Go, go, go, said the bird: human kind
Cannot bear very much reality.
Time past and time future
What might have been and what has been
Point to one end, which is always present.
(From BURNT NORTON, No. 1 of 'Four Quartets', by T.S. Eliot)
In my beginning is my end.
I said to my soul, be still, and wait without hope
For hope would be hope for the wrong thing; wait without love,
For love would be love of the wrong thing; there is yet faith
But the faith and the love and the hope are all in the waiting.
Wait without thought, for you are not ready for thought:
So the darkness shall be the light, and the stillness the dancing.
Love is most nearly itself
When here and now cease to matter.
Old men ought to be explorers
Here or there does not matter
We must be still and still moving
Into another intensity
For a further union, a deeper communion
Through the dark cold and the empty desolation,
The wave cry, the wind cry, the vast waters
Of the petrel and the porpoise.

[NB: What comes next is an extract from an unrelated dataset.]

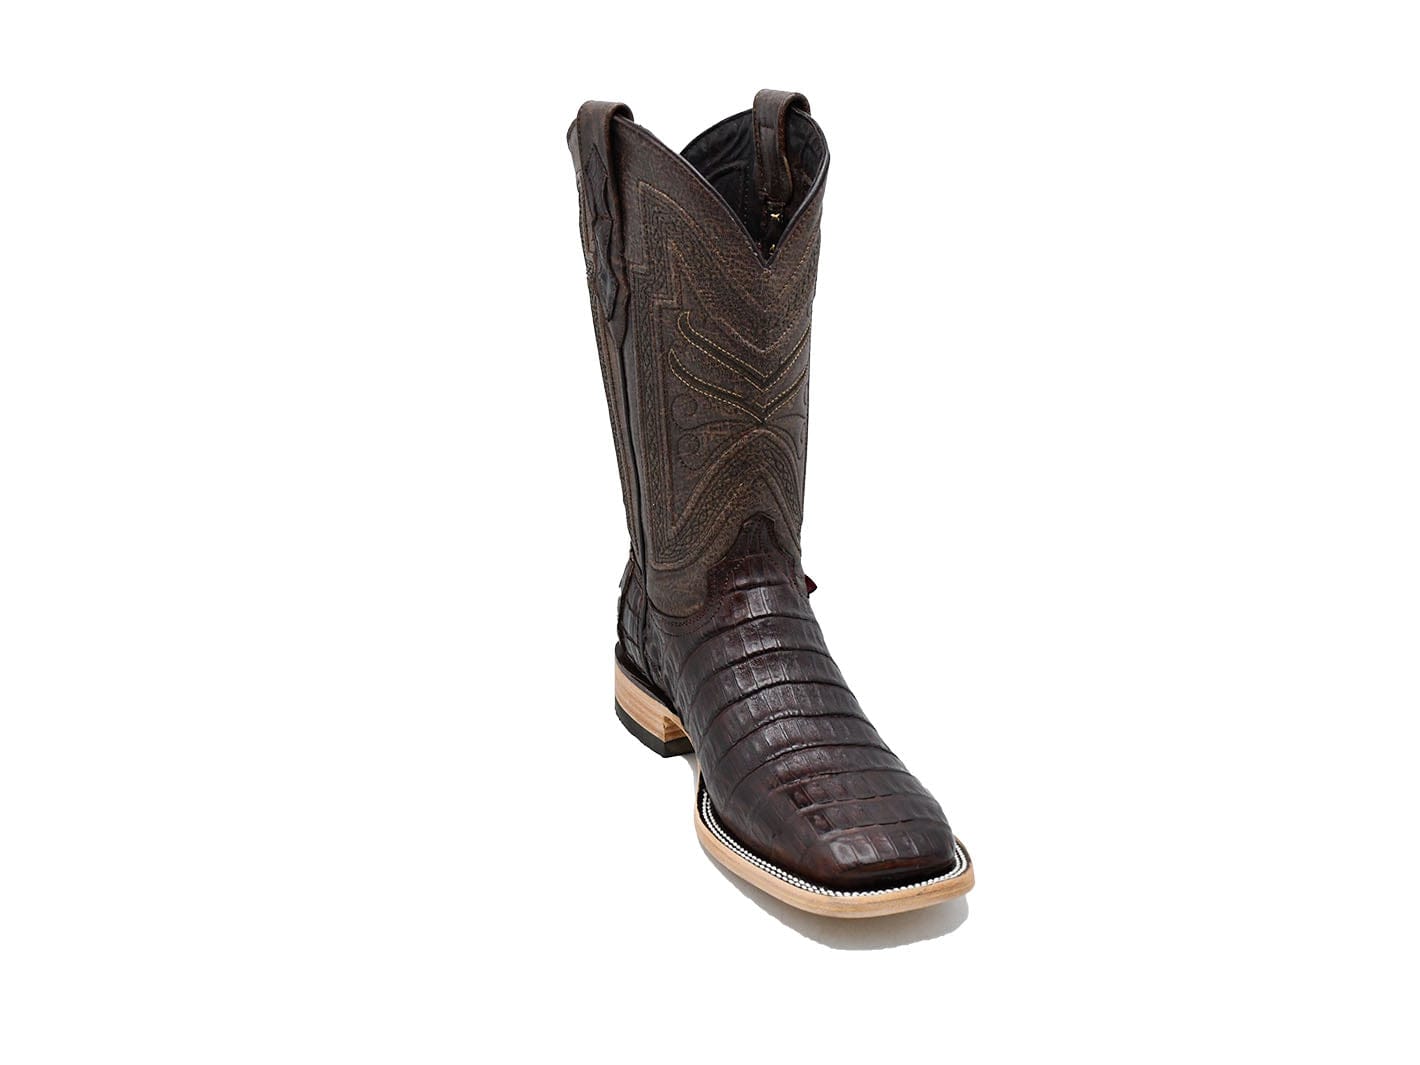 Texas Country Exotic Boot Cola Caiman Belly Tabacco Square Toe LM10

In my end is my beginning.
(From EAST COKER, No. 2 of 'Four Quartets', by T.S. Eliot)
There are three conditions which often look alike
Yet differ completely, flourish in the same hedgerow:
Attachment to self and to things and to persons, detachment
From self and from things and from persons; and, growing between them, indifference
Which resembles the others as death resembles life,
Being between two lives—unflowering, between
The live and the dead nettle. This is the use of memory:
For liberation—not less of love but expanding
Of love beyond desire, and so liberation
From the future as well as the past.
(From LITTLE GIDDING, No. 4 of 'Four Quartets', by T.S. Eliot)
I just read that T.S. Eliot "dabbled in Buddhism and studied Sanskrit and was a student of G. I. Gurdjieff."